Às 8 da
manhã, o ônibus 508L-10 parou na praça General Polidoro. Naquela terça-feira,
como desde alguns meses, lá estava eu esperando por ele. Era o mesmo motorista,
o mesmo cobrador, os mesmos passageiros já entrados e, talvez, seriam os mesmos
que entrariam.
Bem, nem
todos.
O banco de
dois lugares, atrás do condutor e antes da catraca, costuma estar vazio. Prefiro
ocupar o assento do corredor para me dar a liberdade de sair.
No ponto
seguinte, embarcou uma senhora que pediu licença para sentar no meu banco. Era
de estatura alta, magra, o rosto tinha cor amarelada e doentia, sem viço, assim
como o cabelo tingido com a raiz desbotada. Vestia roupa que cheirava a naftalina.
Juntei as
pernas, joelho com joelho, girei-as para a direita, me preparando para dar espaço
para ela ocupar o assento na janela.
Sem que eu
perguntasse, falou que desceria na Barão de Limeira.
– A
senhora vai mais distante do que eu, disse, aliviando minha consciência por não
ceder o assento do corredor, mesmo vendo seu esforço em se equilibrar quando o
motorista acelerou para escapar do sinal vermelho.

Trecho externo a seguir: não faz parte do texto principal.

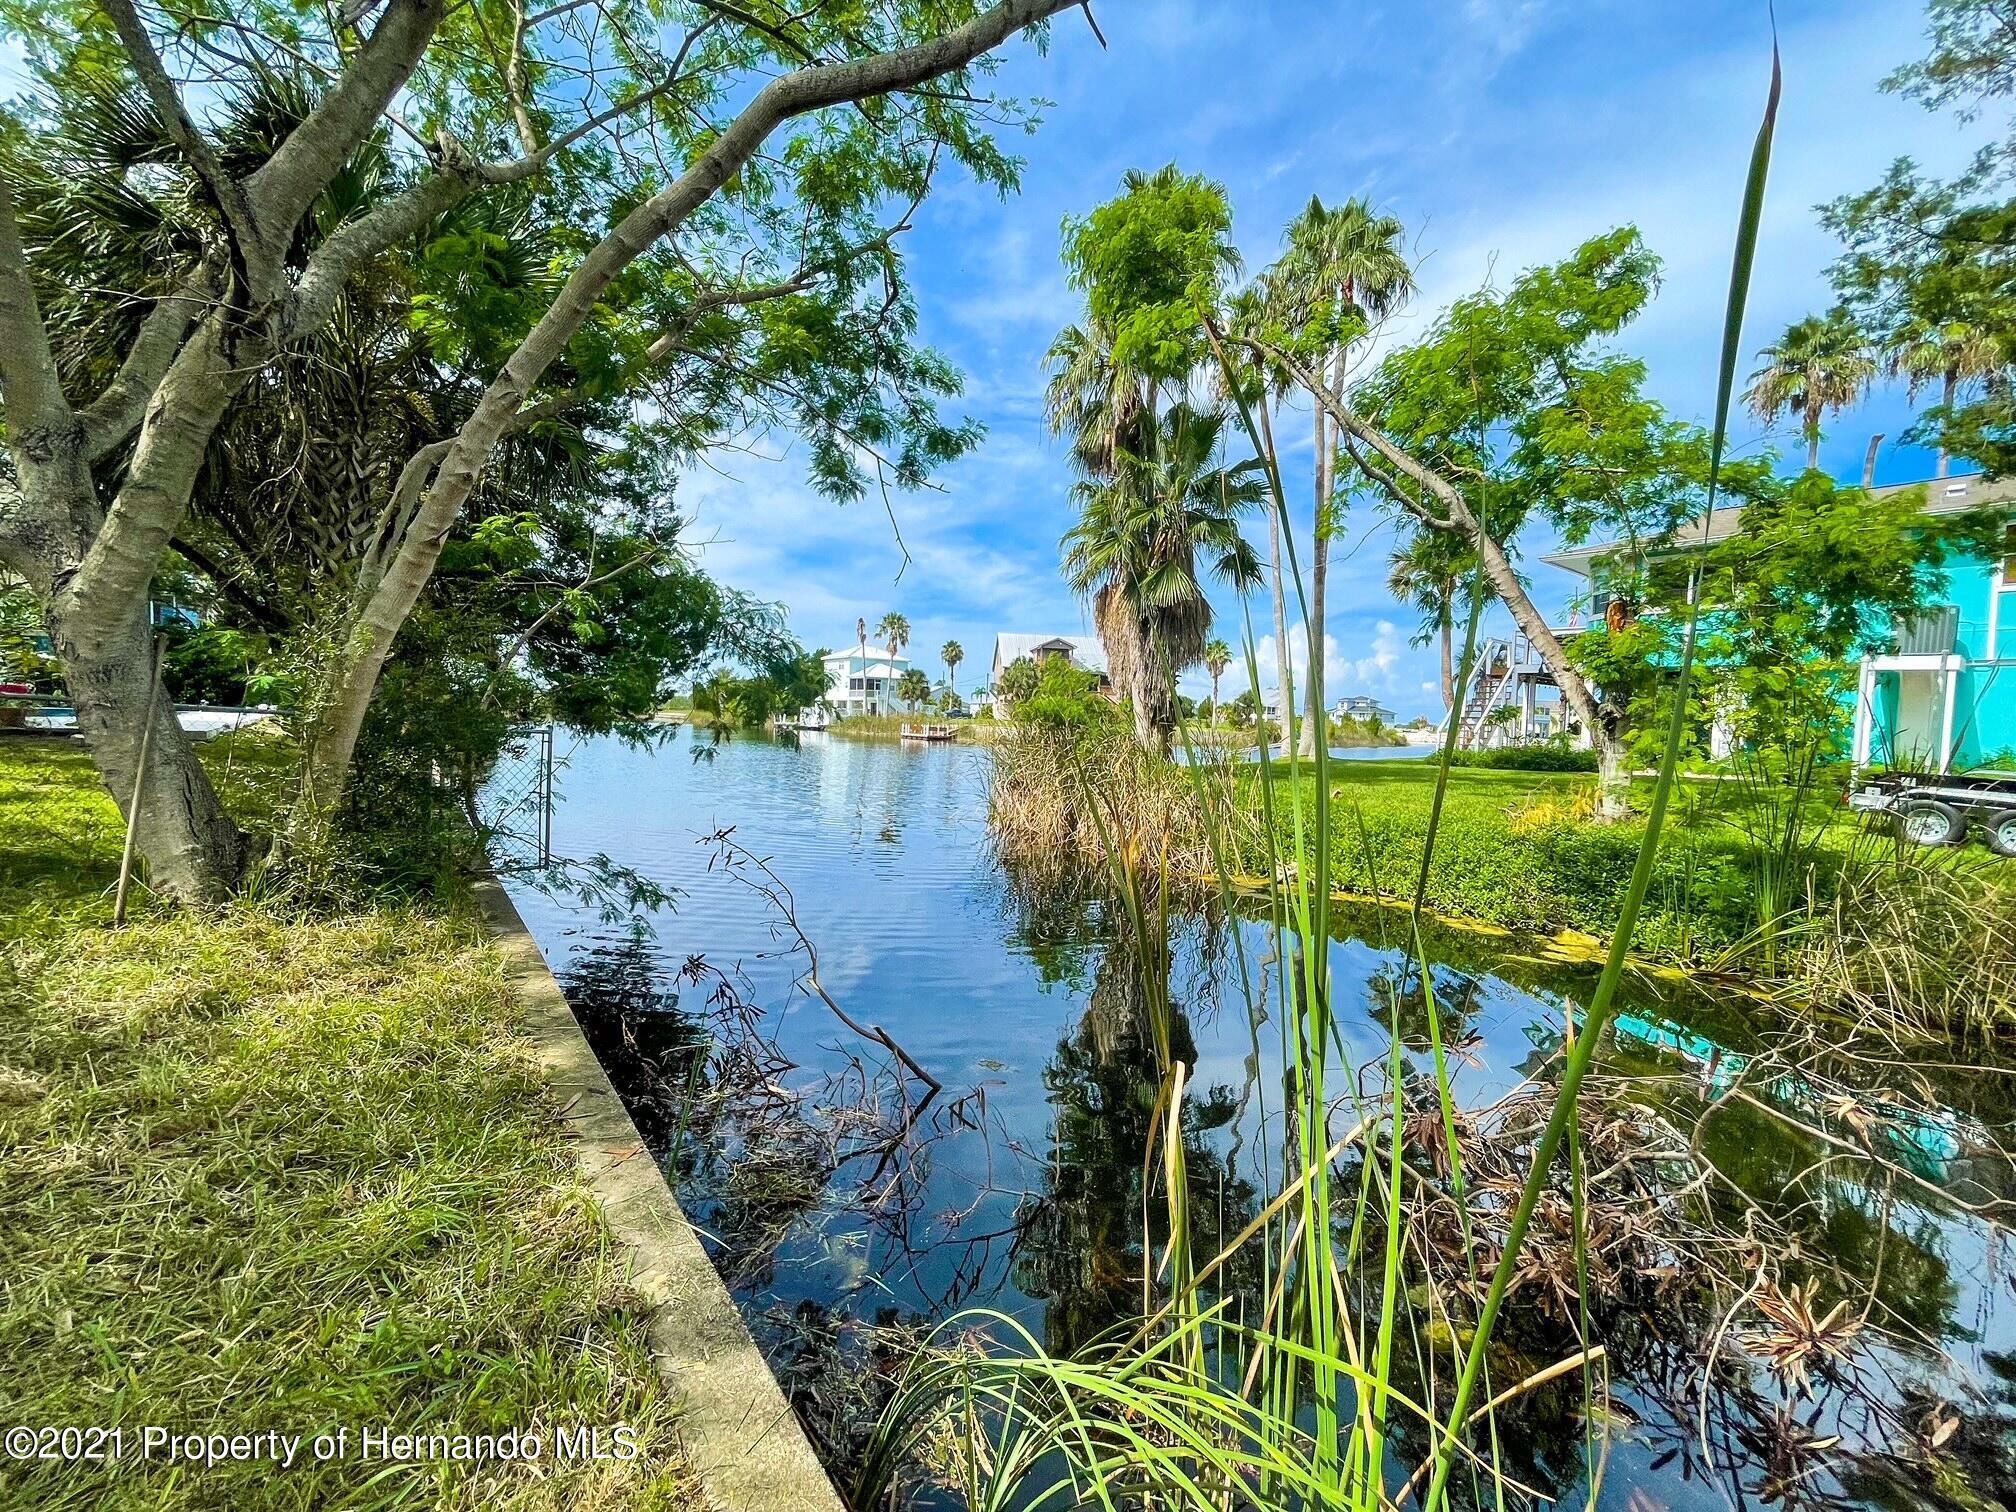 Details for 000 Crape Myrtle Drive, Hernando Beach, FL 34607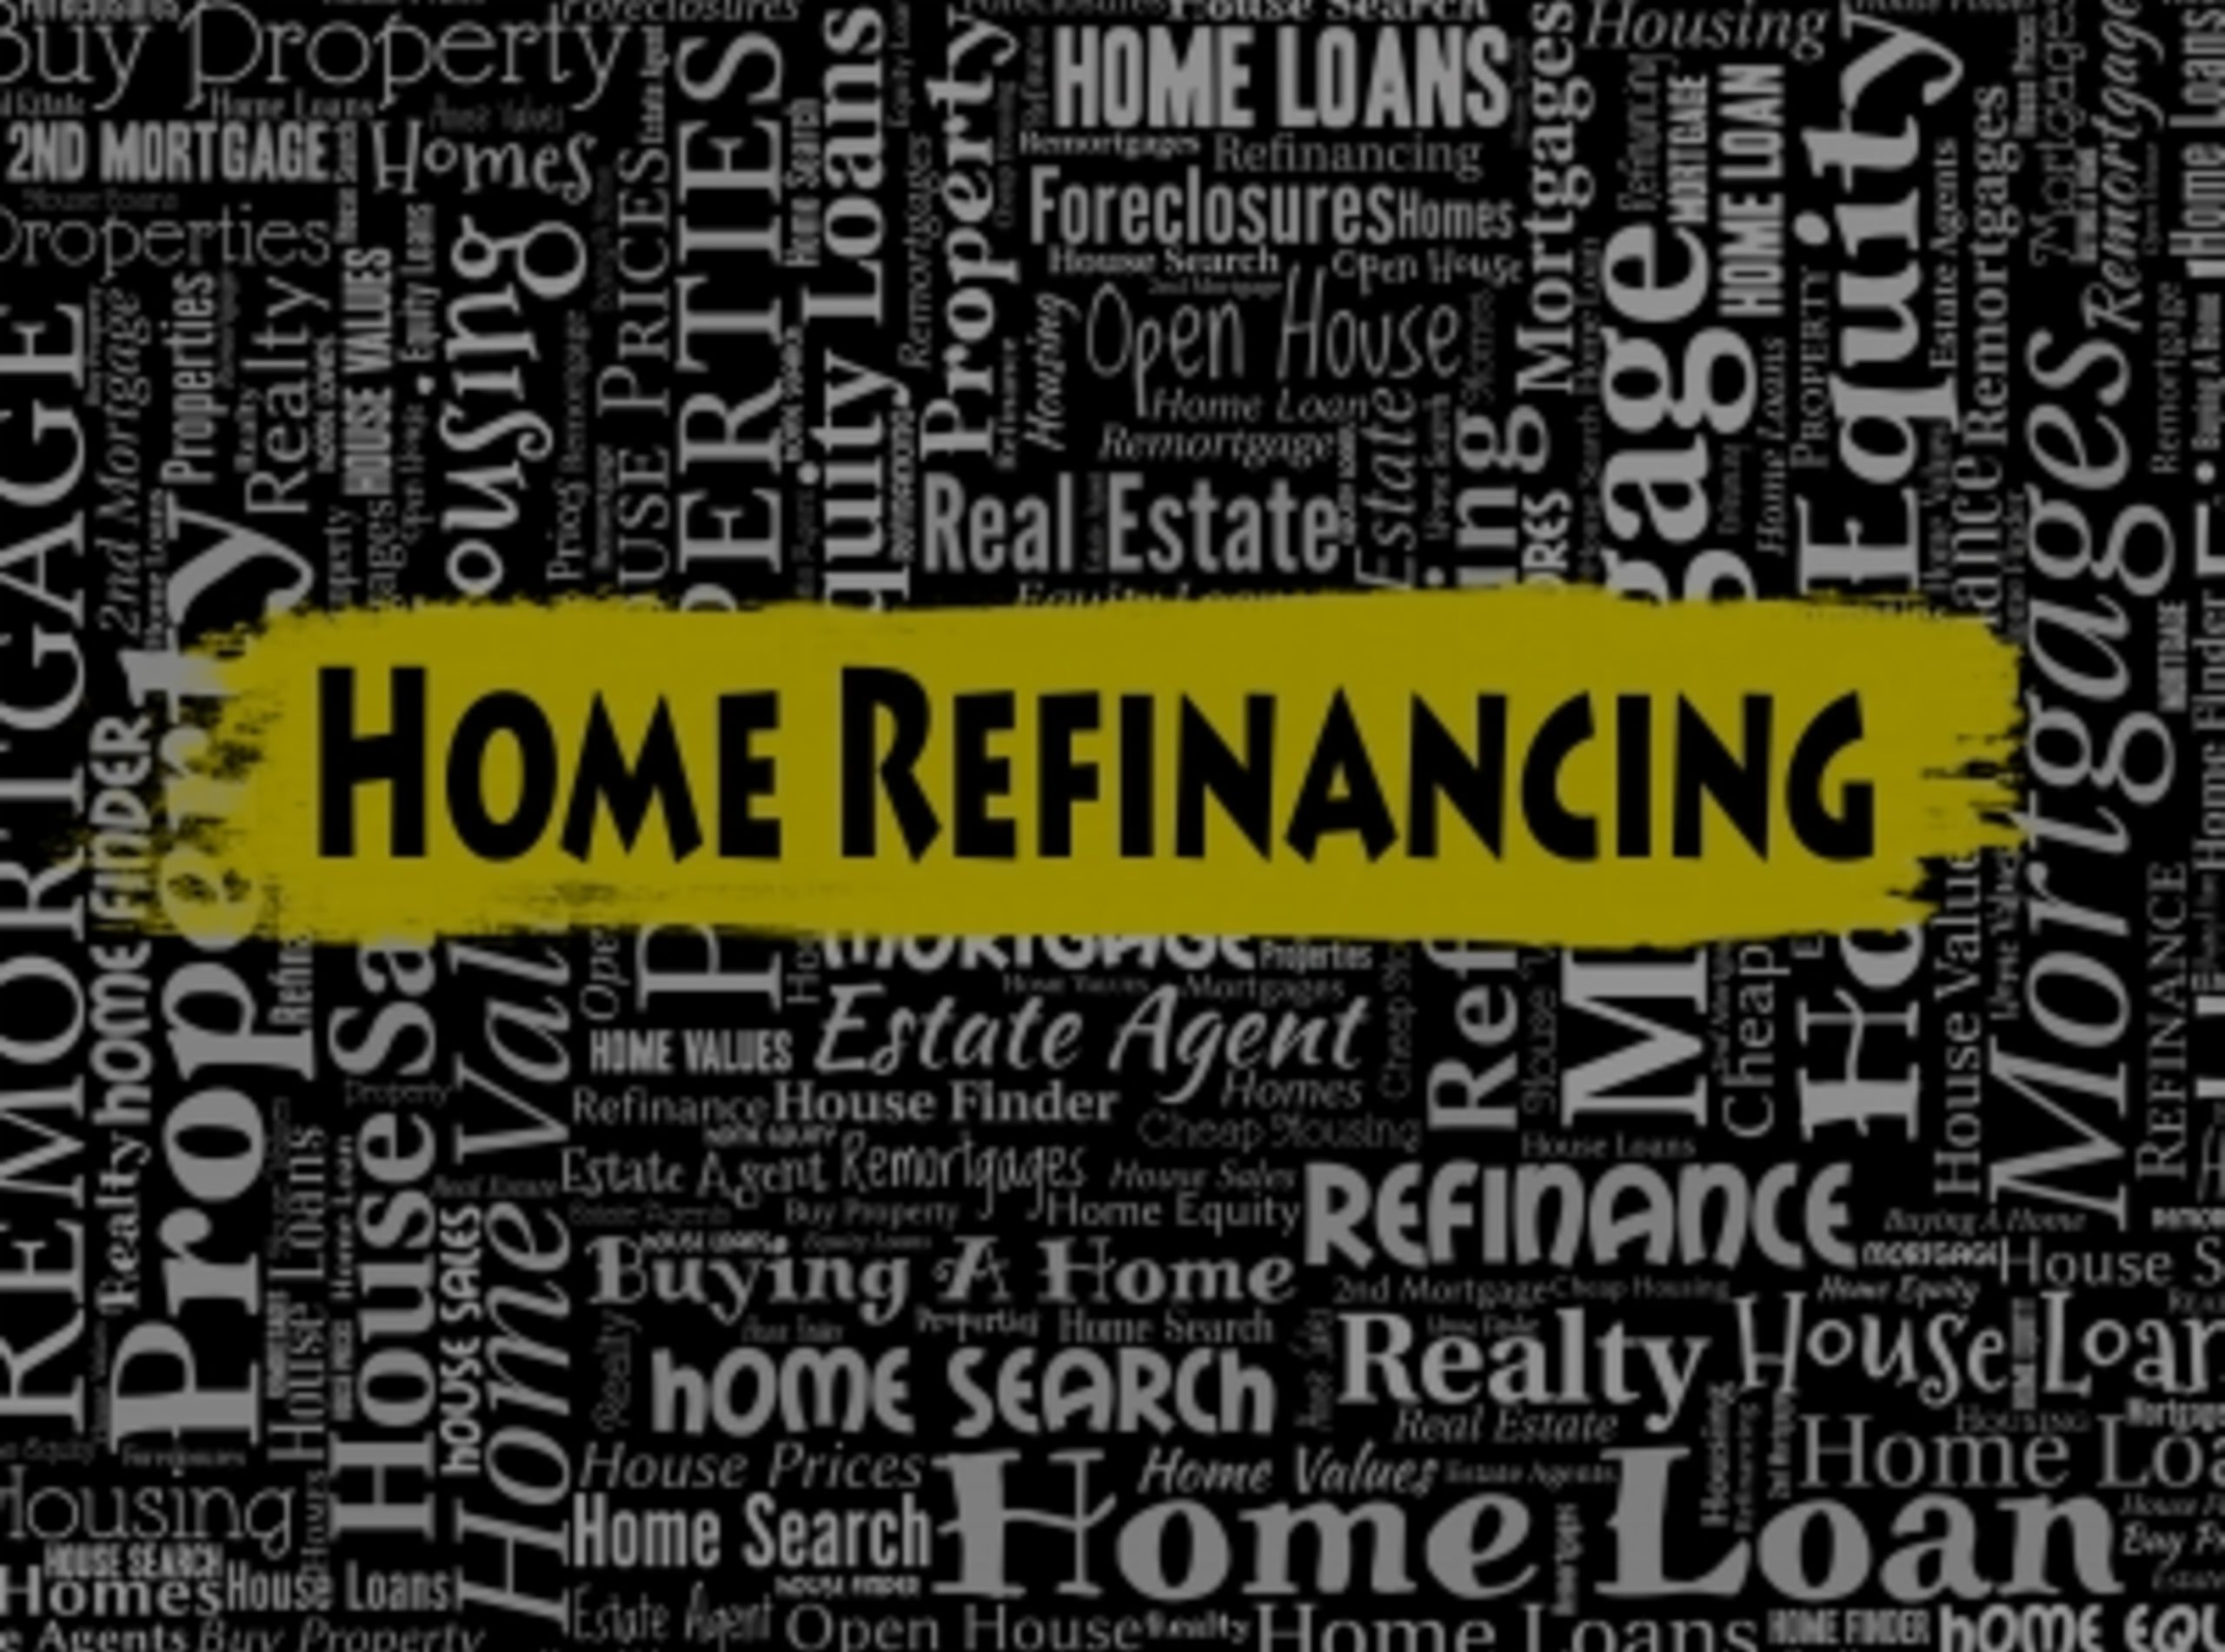 Dispelling Refinancing Myths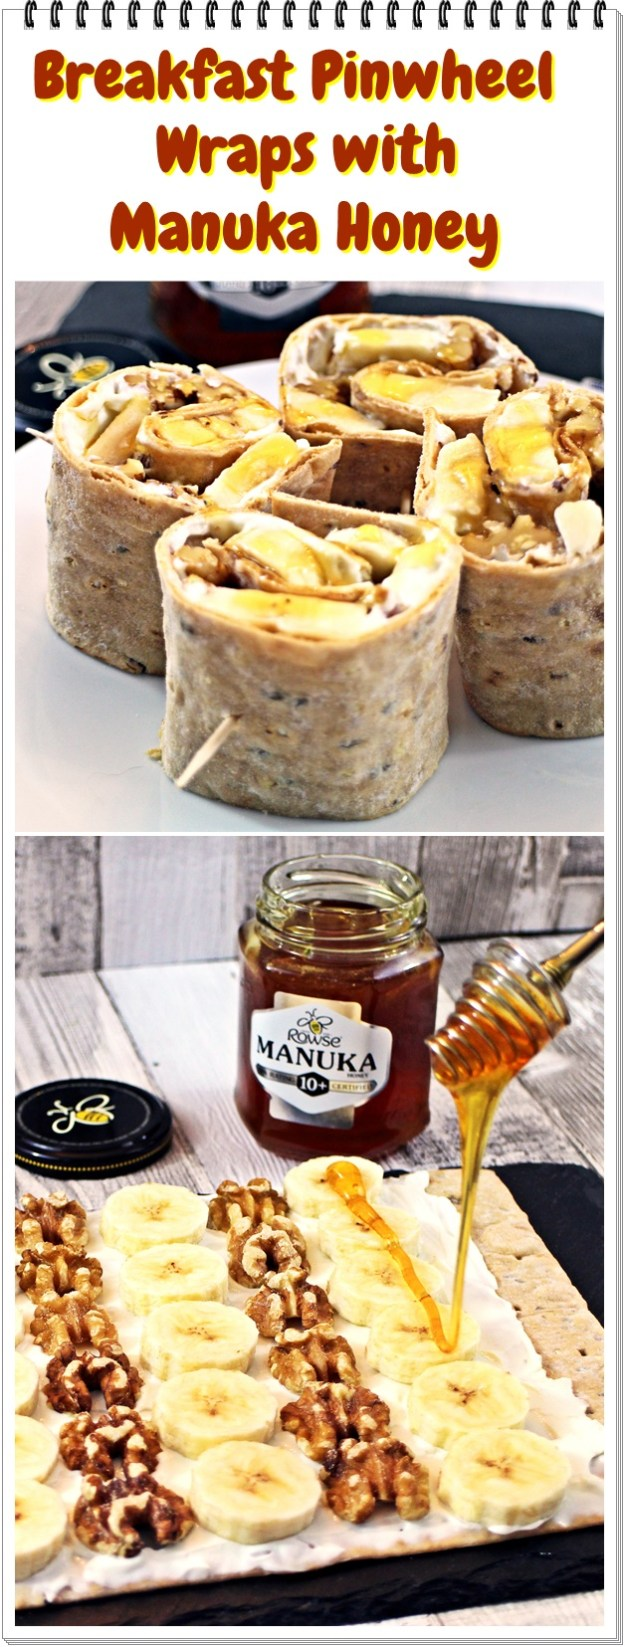 Breakfast Pinwheel Wraps with Manuka Honey - Fab Food 4 All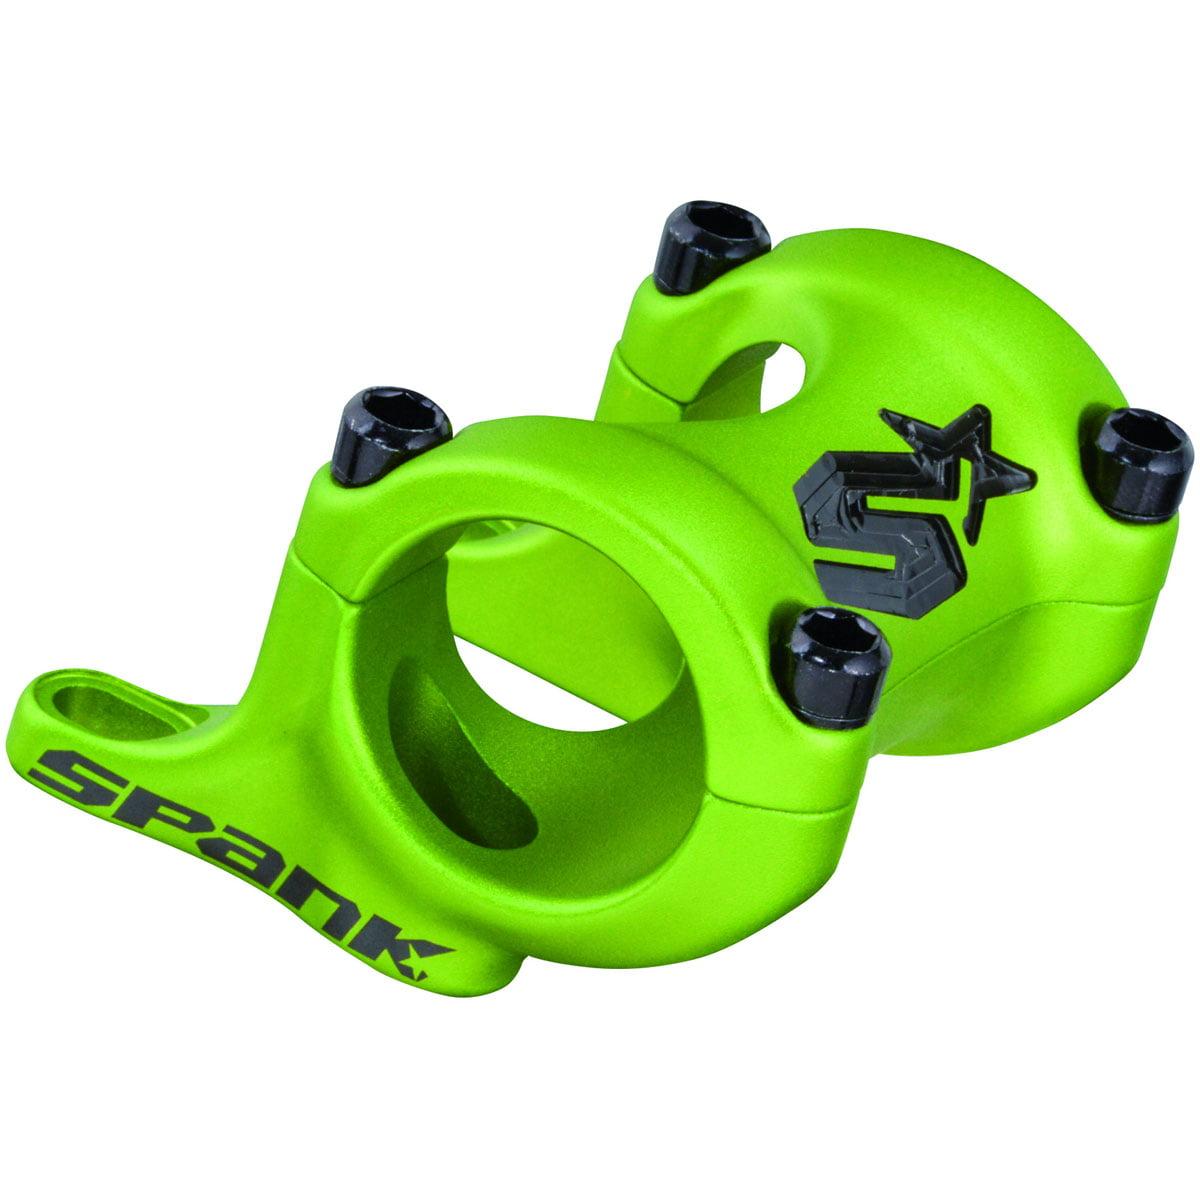 Spank SPIKE 25/30 DM Bicycle Stem - Matte Finish - E06SD251

Foi a deixa para ela começar um monólogo. Um solilóquio, na verdade, porque me ter ao seu lado parecia irrelevante. Ela dirigia-se a si mesma, concentrada em si mesma, expondo em voz alta sua existência e idiossincrasias.
– Como esse
ônibus demora. Fui fazer exame de sangue aqui por perto, na clínica do meu convênio,
cada vez pior. Cobram caro, a mensalidade é um absurdo e diminuíram os lugares
de atendimento.
O ônibus descia
a Bueno de Andrade.
Ela voltou
a falar.
"Que rua suja! É porque lá adiante só
tem cortiço", comentou, apontando um dedo acusador para os vários sobrados de fachadas
deformadas que existem por ali. "Só assim mesmo pra conseguir morar perto do centro. Minha diarista
mora em Itaquera, não paga aluguel, tem casa própria, mas levanta 4 da manhã
pra chegar às 6 lá em casa", acrescentou.
Pensei argumentar,
mas conclui que não valia a pena. “Essa senhora deve ter acordado de mau humor
e está só desopilando o fígado.”
– São
Paulo está cada vez mais feia. Veja, os portões de garagens e comércios estão
pichados. Dizem que é arte. É vandalismo, isso sim.
O ônibus
fez uma curva fechada em velocidade que a fez tombar pesadamente para meu lado.
– Como dirigem mal, ela rezingou.
Se aprumou
no seu canto e pediu desculpa. Esse breve esbarrão a fez recordar que não
estava sozinha e me levou a ter voz.
– Qual o
seu nome? A senhora é aqui de São Paulo? Vai descer aonde?
Estávamos na
Conselheiro Furtado e eu perto do meu destino.
– Na praça
da Sé.
– Que lugar sujo, não é?! Um covil
de desocupados, bêbados, drogados. Agora, chamam de pessoas em situação de rua.
Minha mãe dizia que uma vassoura varre todos os males. A Prefeitura devia fazer
isso, dar uma vassoura pra cada um limpar a sujeira que faz por lá.
Então, me arredei
do papel de coadjuvante.
– Qual o nome da senhora?
– Anita.
Um
sorriso que mal lhe desdobrou os lábios deu brilho a seus olhos, antes opacos
como vidro fosco.
Aos 87 anos, Anita é professora aposentada. “Não, não tenho filhos, sou solteira e moro com o Afonso, meu cão maltês.” O tom de voz ríspido dos resmungos suavizou ao pronunciar o nome do seu pet. Tem dois irmãos e sobrinhos com quem não convive por desentendimentos sobre a partilha do espólio familiar. “Herdei a diabetes da minha mãe junto com as paredes do apartamento onde morei com meus pais até eles morrerem. É o que me sobrou. Até isso querem tirar de mim."
Anita tateou com mão trêmula o interior da bolsa que mantinha segura contra o peito de onde tirou um lenço.
Não deu para mais.
O ônibus me despertou com um balanço imprevisto ao entrar na rua Bela Vista e parar na frente do Pátio do Colégio.
– É aqui que eu desço, anunciei.
Fiquei ali, observando-a partir. Sim, Anita ainda tinha um resto de humanidade que a fazia sobreviver à crueza da vida.